Sorry if Im missing something glaring here, but I havent been able to nail down a specific option for myself and my team.

thanks!

Just an update, I did stumble upon this thread already - http://www.codeplex.com/entlib/Thread/View.aspx?ThreadId=8379, but Im still searching for some guidance on how to promote, share, import, export keys\secrets among environments.
Apr 23, 2009 at 5:35 AM
Hi,

Reading the documentation and some googling, I came across the "Managing and Distributing Keys" (http://msdn.microsoft.com/en-us/library/dd140078.aspx), which describes how to distribute keys.
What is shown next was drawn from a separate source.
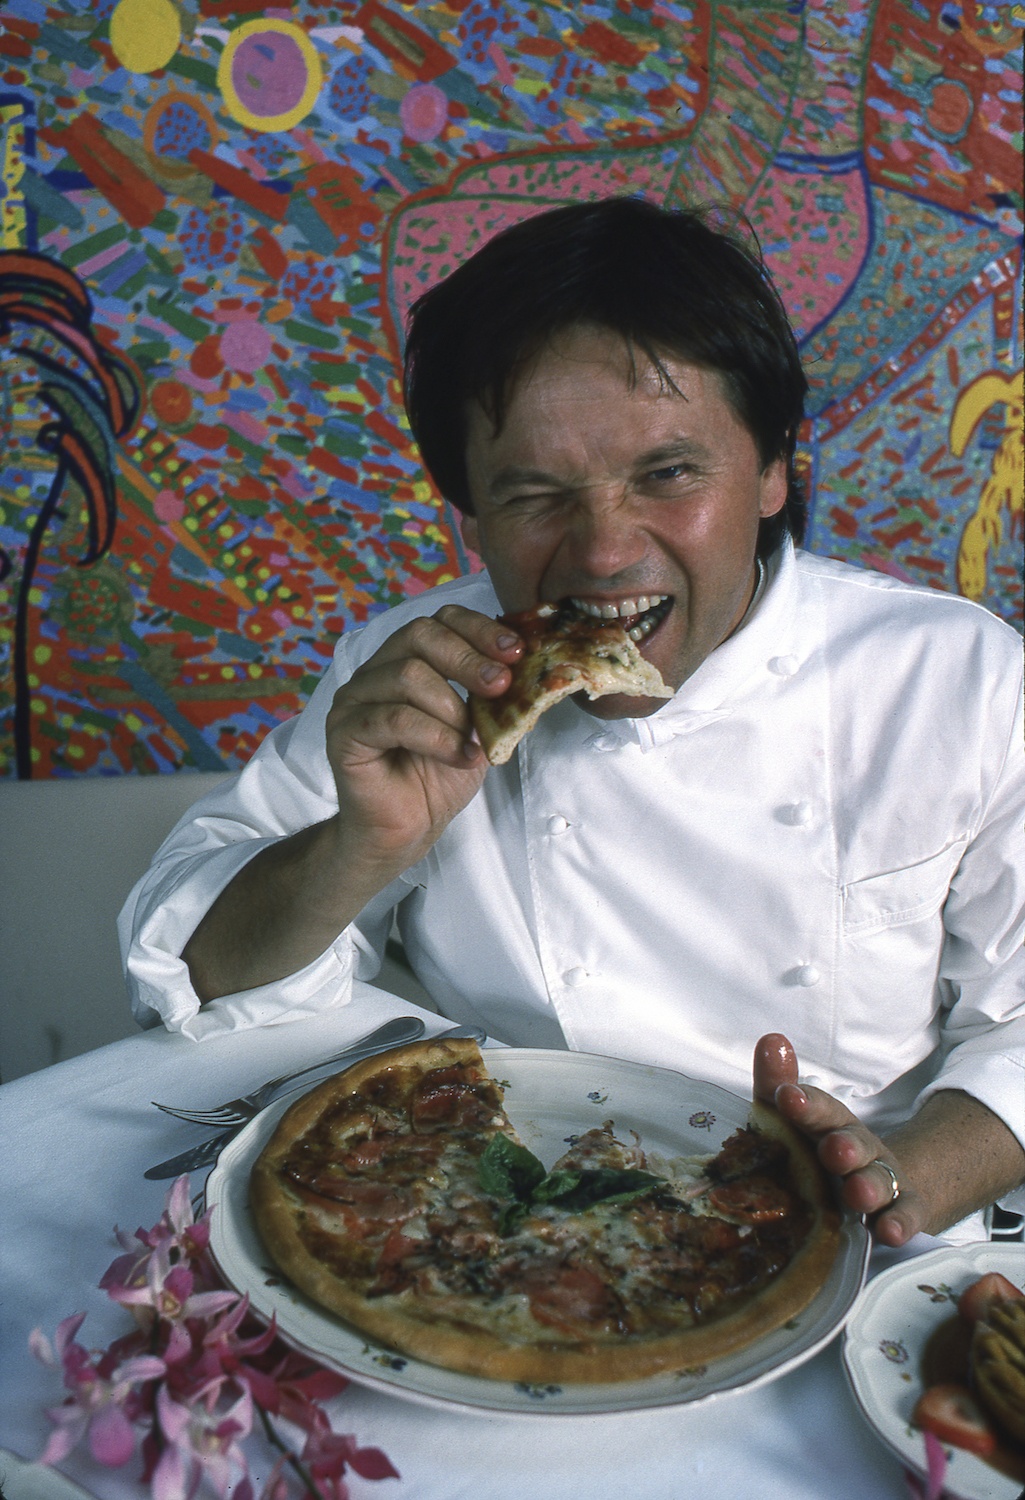 Wolfgang Puck, who opened Spago in West Hollywood in 1982, was a first-wave celebrity chef. Almost 40 years later, his empire circles the globe, including fine dining restaurants, a catering operation, casual and fast-food chains, and other related products.
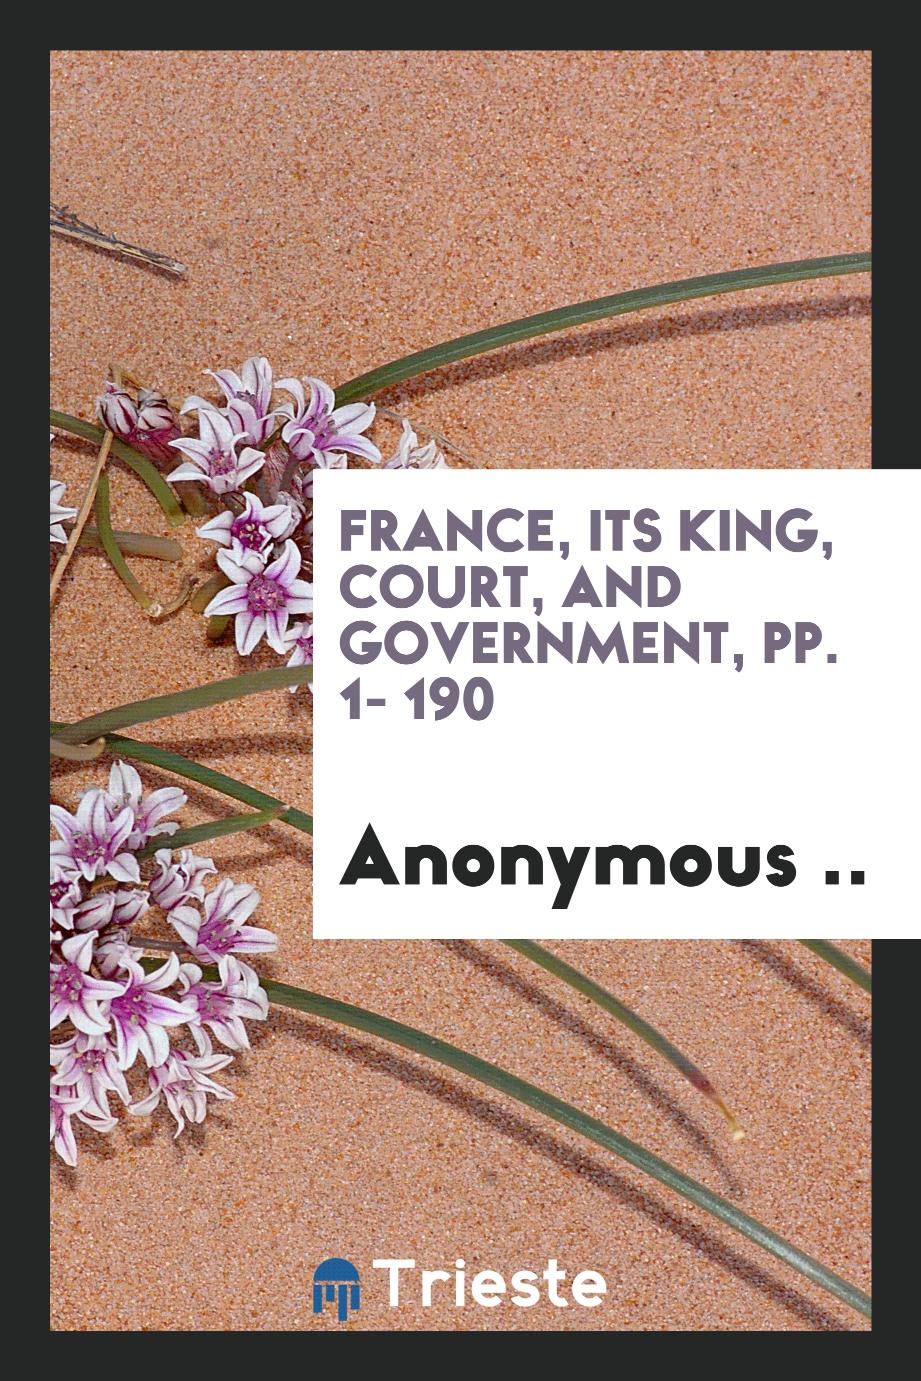 France, Its King, Court, and Government, pp. 1- 190

As the documetation described, you would need to export the key file and manually import it from the target machine. 

Valiant Dudan
Global Technology & Solutions
Avanade, Inc.
entlib.support@avanade.com
Apr 23, 2009 at 3:32 PM
Thanks Avenade!  So, how do I "import" the exported key file?  I did so on another developers PC by using the Ent Lib config tool, do we need to do the same on our servers, or are there built in tools to Server 2K3 and 2K8?  If we need the Ent Lib tool, can I just "copy it", or do we have to install the entire enterprise library on our servers, which we prefer not to do.

Thanks again
Apr 24, 2009 at 3:45 AM

You can use the config tool but if you rather not install it on your server, I think 

aspnet_regiis -pi "CustomKeys" filename

would work.   http://msdn.microsoft.com/en-us/library/ms998283.aspx#paght000006_webfarmscenarios


Sarah Urmeneta
Global Technology & Solutions
Avanade, Inc.
entlib.support@avanade.com

Apr 24, 2009 at 3:51 PM
Thanks again Avenade, but the "pi" option is meant to import an RSA XML file.  The export key feature from the EntLib Config tool generates a text file, making the command incompatible.  Any other thoughts/options?
Apr 24, 2009 at 4:22 PM
Just another question, Ive seen some chatter about storing your encryption value in a SQL table, is that also a viable option?  If so, does it "play nice" with the Cryptography block?  Or does it circumvent most of this process.  If thats the case, Id like to stay as true to the process as possible..
Apr 28, 2009 at 1:58 PM
Hi everyone, just wondering if someone had a conclusion for me on this issue?  I dont think Im alone on this one, but all other research brings me to dead ends. 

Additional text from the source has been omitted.